FineVAU: A Novel Human-Aligned Benchmark for Fine-Grained Video Anomaly Understanding

Video Anomaly Understanding (VAU) is a novel task focused on describing unusual occurrences in videos. Despite growing interest, the evaluation of VAU remains an open challenge. Existing benchmarks rely on n-gram-based metrics (e.g., BLEU, ROUGE-L) or LLM-based evaluation. The first fails to capture the rich, free-form, and visually grounded nature of LVLM responses, while the latter focuses on assessing language quality over factual relevance, often resulting in subjective judgments that are misaligned with human perception.

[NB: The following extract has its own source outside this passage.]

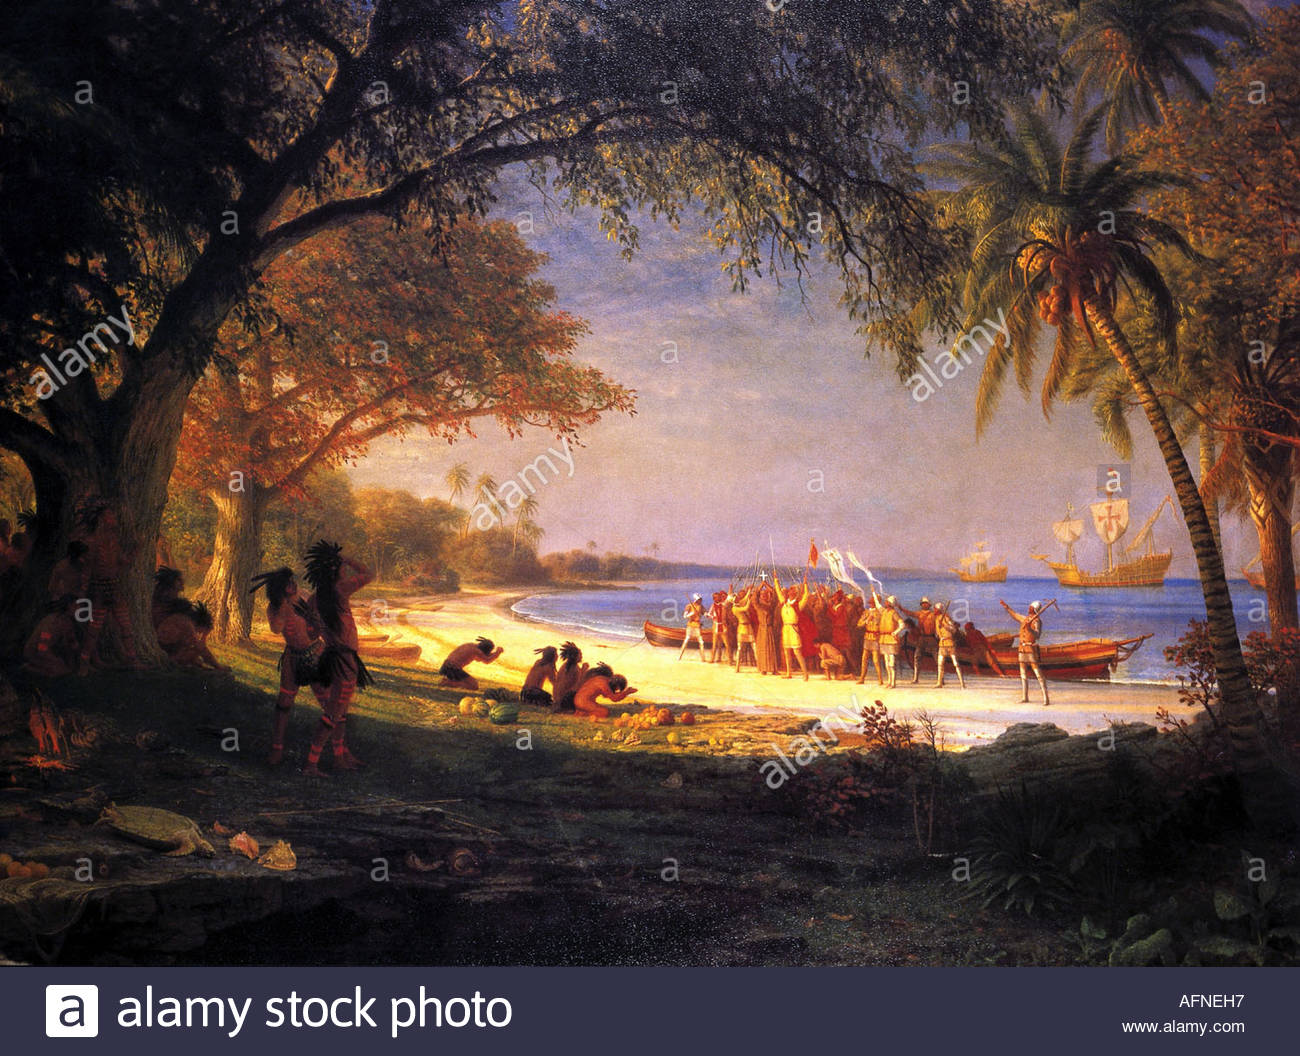 Columbus, Christopher, 1451 - 20.5.1506, Italian explorer, scene, arriving at Guanahani, 12.10.1492, history painting, Stock Photo

In this work, we address this issue by proposing FineVAU, a new benchmark for VAU that shifts the focus towards rich, fine-grained and domain-specific understanding of anomalous videos. We formulate VAU as a three-fold problem, with the goal of comprehensively understanding key descriptive elements of anomalies in video: events (What), participating entities (Who) and location (Where). Our benchmark introduces a) FVScore, a novel, human-aligned evaluation metric that assesses the presence of critical visual elements in LVLM answers, providing interpretable, fine-grained feedback; and b) FineW3, a novel, comprehensive dataset curated through a structured and fully automatic procedure that augments existing human annotations with high quality, fine-grained visual information. Human evaluation reveals that our proposed metric has a superior alignment with human perception of anomalies in comparison to current approaches. Detailed experiments on FineVAU unveil critical limitations in LVLM's ability to perceive anomalous events that require spatial and fine-grained temporal understanding, despite strong performance on coarse grain, static information, and events with strong visual cues.

翻译：视频异常理解（VAU）是一项专注于描述视频中异常事件的新任务。尽管关注度日益增长，但VAU的评估仍是一个开放的挑战。现有基准依赖于基于n-gram的指标（例如BLEU、ROUGE-L）或基于LLM的评估。前者无法捕捉LVLM响应丰富、自由形式且基于视觉的特性，而后者侧重于评估语言质量而非事实相关性，通常导致与人类感知不一致的主观判断。在本工作中，我们通过提出FineVAU来解决这一问题，这是一个新的VAU基准，它将重点转向对异常视频的丰富、细粒度和特定领域的理解。我们将VAU表述为一个三方面的问题，目标是全面理解视频中异常的关键描述性要素：事件（何事）、参与实体（何人）和位置（何处）。我们的基准引入了：a) FVScore，一种新颖的、与人类对齐的评估指标，用于评估LVLM答案中关键视觉要素的存在性，提供可解释的、细粒度的反馈；以及b) FineW3，一个新颖的、全面的数据集，通过结构化的全自动流程构建，该流程利用高质量的细粒度视觉信息增强了现有的人工标注。人工评估表明，与当前方法相比，我们提出的指标在与人类对异常感知的对齐方面具有优越性。在FineVAU上的详细实验揭示了LVLM在感知需要空间和细粒度时间理解的异常事件方面的关键局限性，尽管其在粗粒度、静态信息以及具有强烈视觉线索的事件上表现出色。